The claw "housing" is actually something Wolverine had on his hands for quite a while. It wasn't just the gloves. If you re-read "Weapon X" there's even a scene of them adding the housing to his hands to prevent the canals from healing up. There are clear scenes of his arms with the "housing" on them. They also make some sense, from a practical point of view since it's probably a pain in the ass to have to cut through your own skin every time you put the claws out. The housing disappeared because artists gradually kept forgetting to add it.

G. Kendall said...

I'm talking about the housings going *over* his skin. That is a mistake, one the animators often made. (How could Wolverine keep a secret identity with three metal devices glued on top of his bare hands at all times?)
I just looked through Uncanny X-Men #98, which is the first time we see Wolverine without his gloves I believe, and there are no housing *on* his hand (but Cockrum's art indicates lumps under his skin.)
Also looked at the initial Wolverine series, and Miller certainly didn't draw housings on his bare hands.
Flipped through Weapon X also, specifically the bear fight scene. No housings on top of his hands. I did see the scene you were talking about, but those housings are being implanted under the skin.

cyke68 said...

Long time listener, first time caller. I wanted to do a similar retrospective on the X-books of the Chromium Age myself before stumbling on the blog and realizing you were doing a way, way better job than I could ever possibly hope to achieve. This site is a national treasure.

I always felt like this episode was the animated equivalent of a fill-in issue which wasn't something they were keen to do at the time. And yet... we do get a resolution to the FoH slow-burner and the advancement of the Savage Land subplot. Just not much focus outside of Beast and Wolverine's respective stories (a feature that would be become A LOT more prevalent in later seasons, unfortunately to the show's detriment).
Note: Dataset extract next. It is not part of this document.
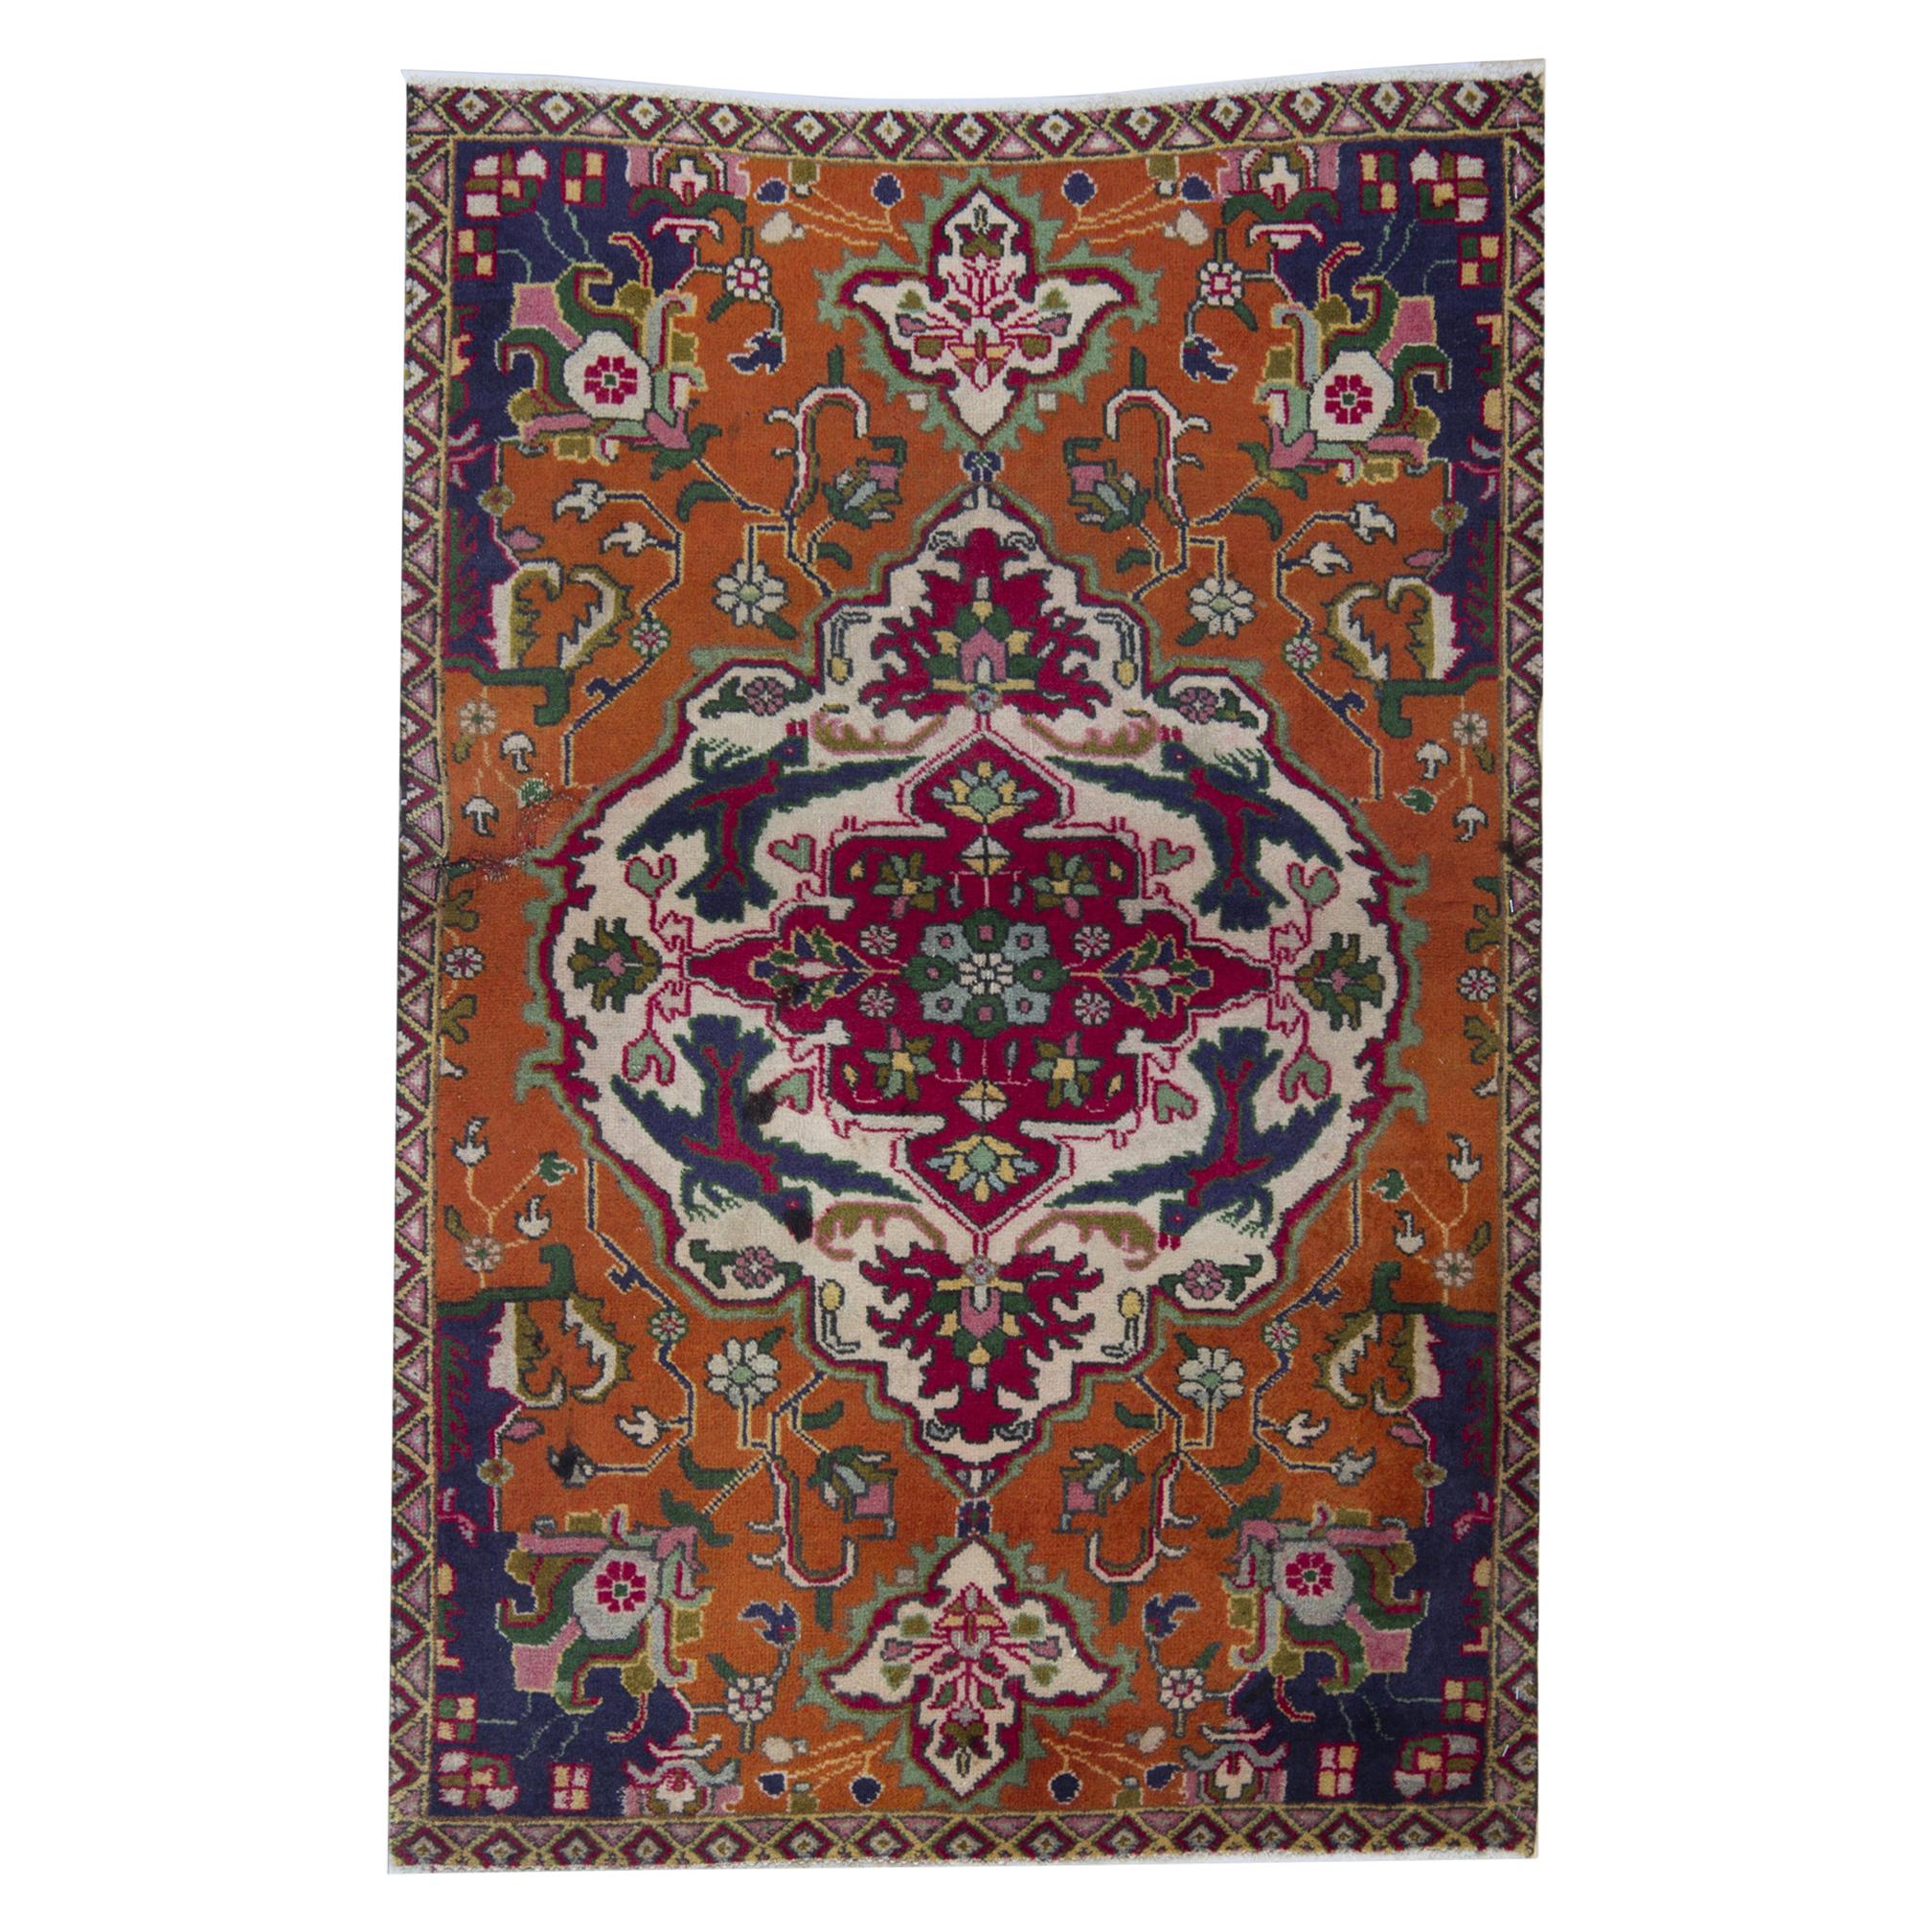 Vintage Carpet Handmade Turkish Rug, Oriental Wool Orange

It seems like an arbitrary change, but I guess the Graydon Creed, Sr. thing was just REALLY trying to hammer home the point that Sabretooth is his pops. And yes, that voice acting is unreal.

Hard to believe they folded the Rogue/Mystique/Sabretooth/Creed parentage issues all into the same season (within two episodes of each other at that). Not to mention the Cable soft reboot.

More than any other, this season is the most... synergistic, I guess, in terms of lining up with the tone and content of the contemporary comics. The first year was pretty divorced from everything, working to find its footing. Then, figuring they could do no wrong at that point, season three was pretty much total fan-service. It was a slow downward death spiral after that, with everything still beholden to the Jim Lee costumes and cast despite the comics having moved visually (JoeMad) and in terms of character focus. Marvel was still chasing the Chromium Age, but the show felt stale and no longer representative in its waning years.

Anonymous said...

Y'know, after seeing how absolutely moronic the Westborough Baptist Church is with their bigotry, Graydon Creed and the FoH honestly don't look THAT dumb anymore. Seriously.

Dan Lichtenberg said...

I had heard multiple times that the housings on Wolverine's bare hands were added to the show because they were considered less shocking or gory than the claws simply breaking the skin. Makes sense for a kids show, I guess.